**WORK REQUIRED**. Print the listing exactly as it stands, and skip any pictures in it.

**STORED DATA**.

--------------------------------

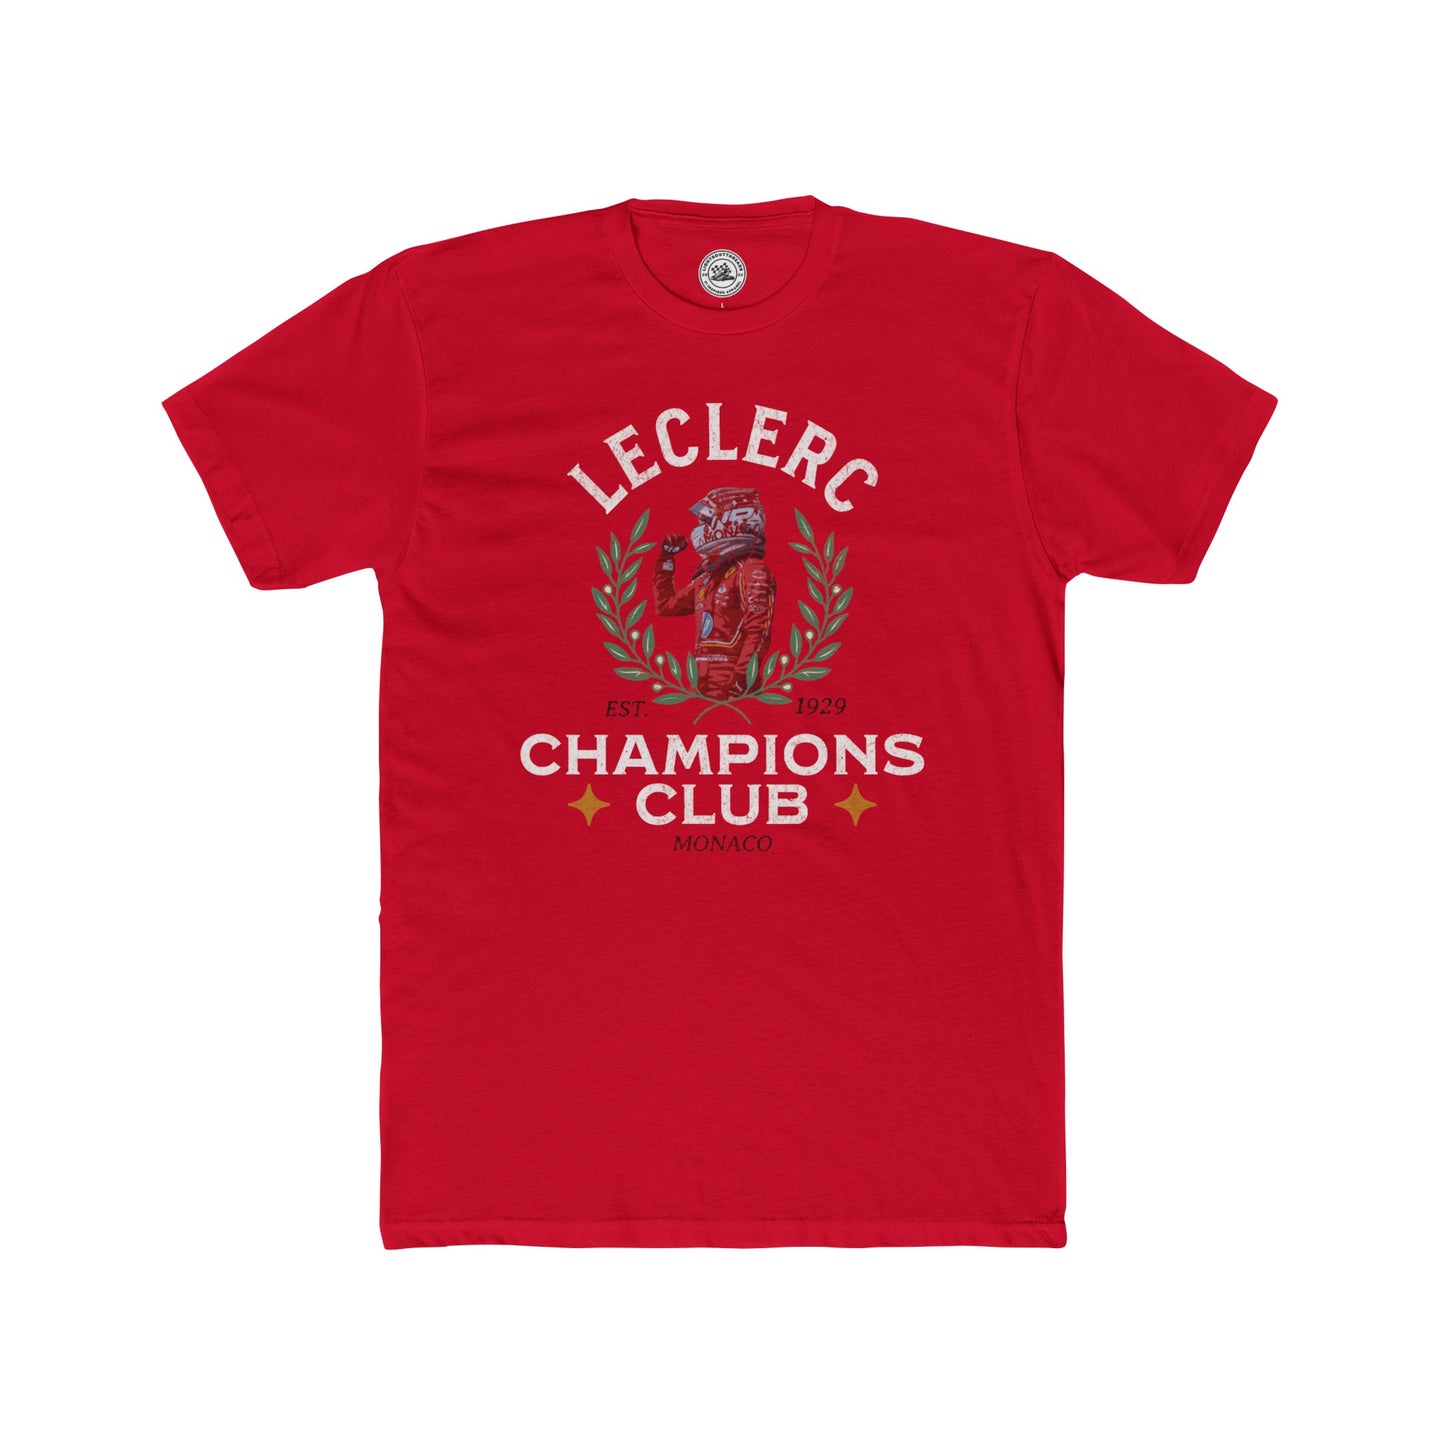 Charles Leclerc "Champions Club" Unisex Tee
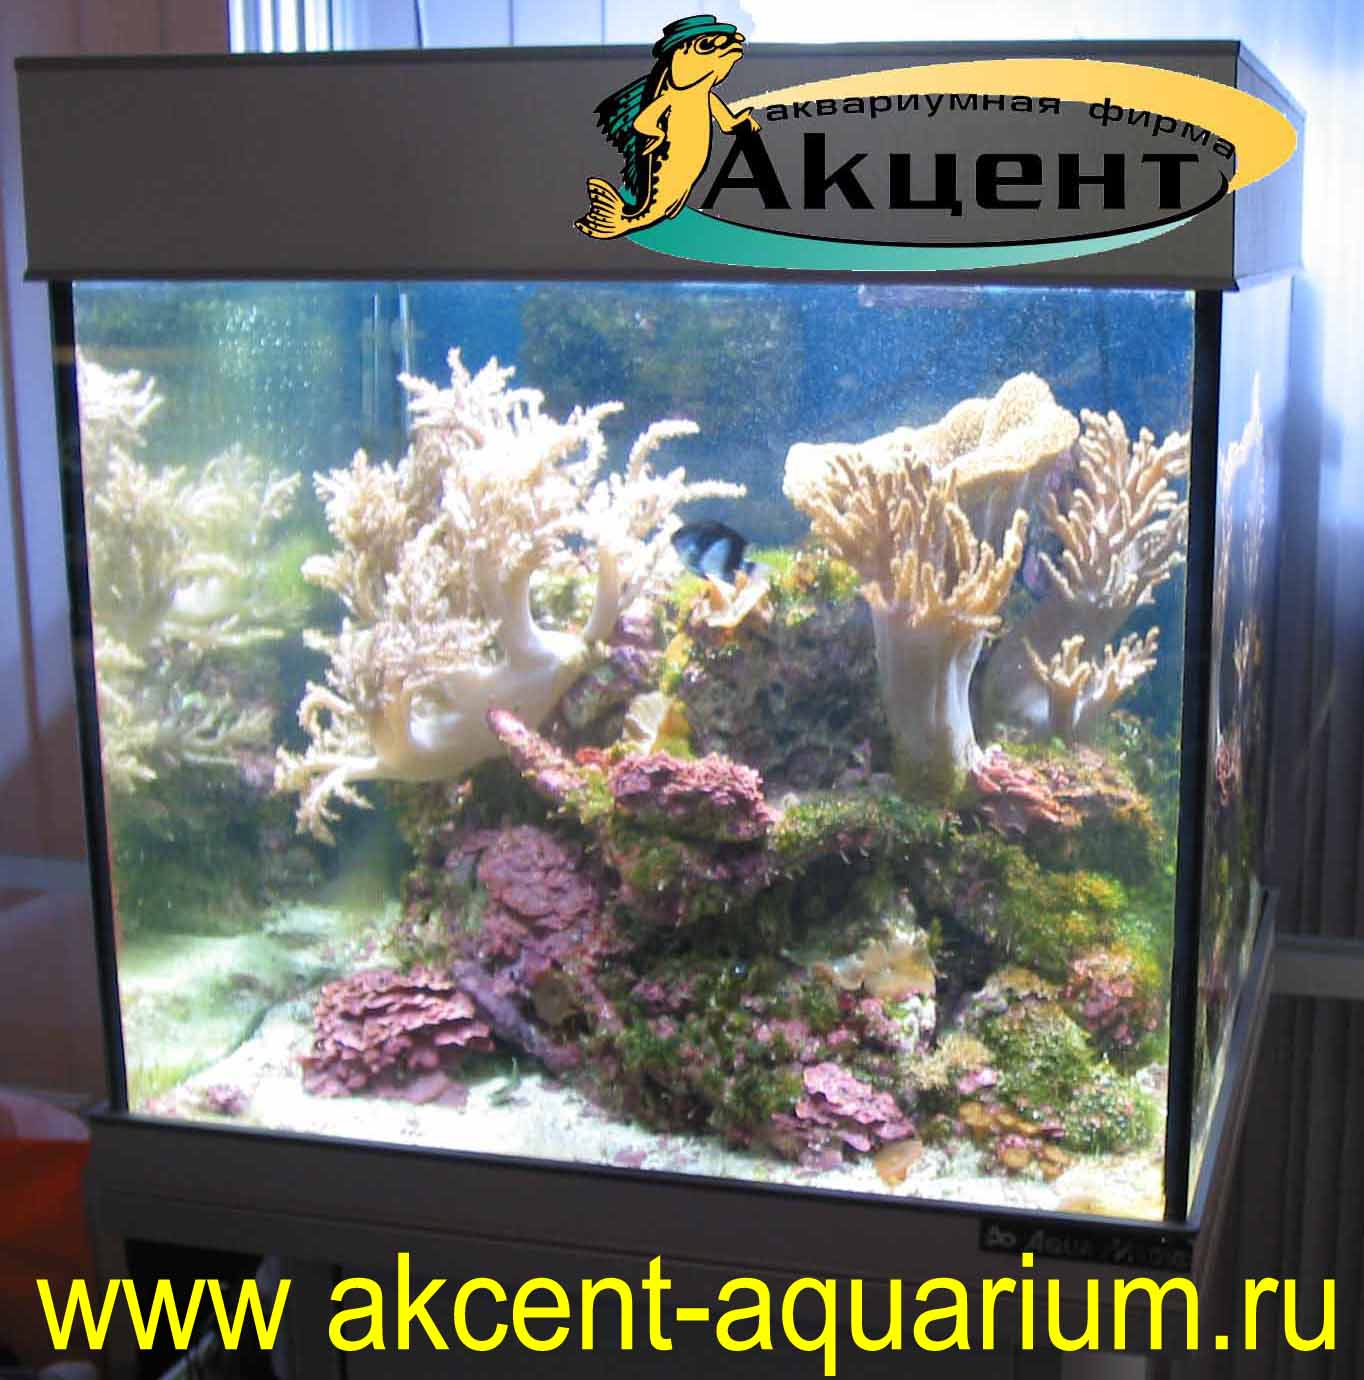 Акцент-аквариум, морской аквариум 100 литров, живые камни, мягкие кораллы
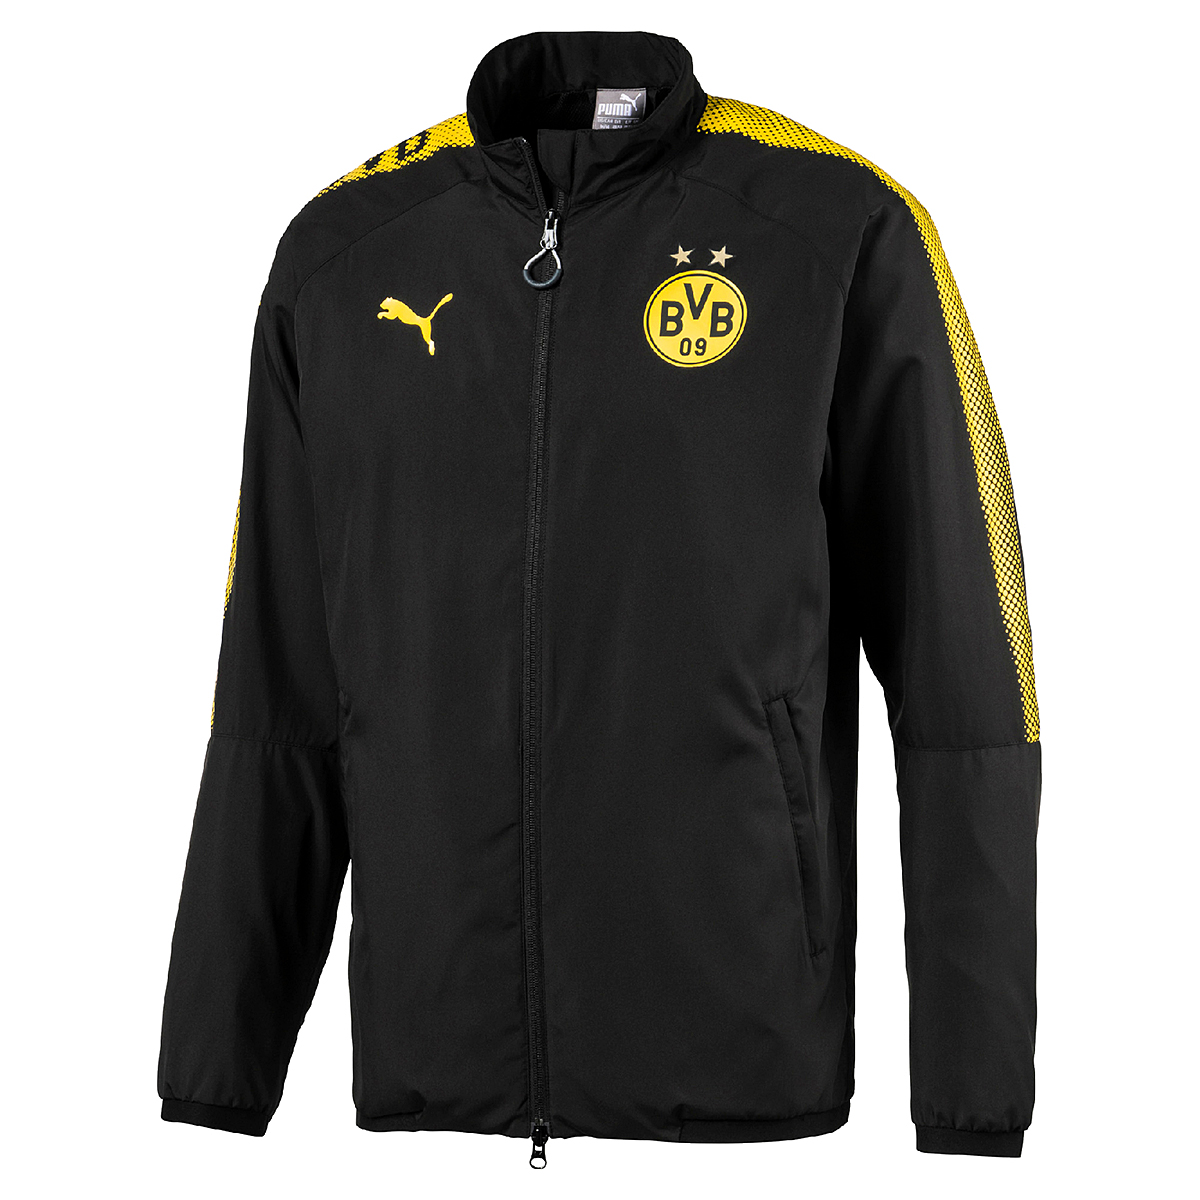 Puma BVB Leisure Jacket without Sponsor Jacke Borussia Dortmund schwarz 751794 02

--------------------------------

**EXERCISE ANSWER**.
 Charles Leclerc "Champions Club" Unisex Tee
 Акцент-аквариум, морской аквариум 100 литров, живые камни, мягкие кораллы
 Puma BVB Leisure Jacket without Sponsor Jacke Borussia Dortmund schwarz 751794 02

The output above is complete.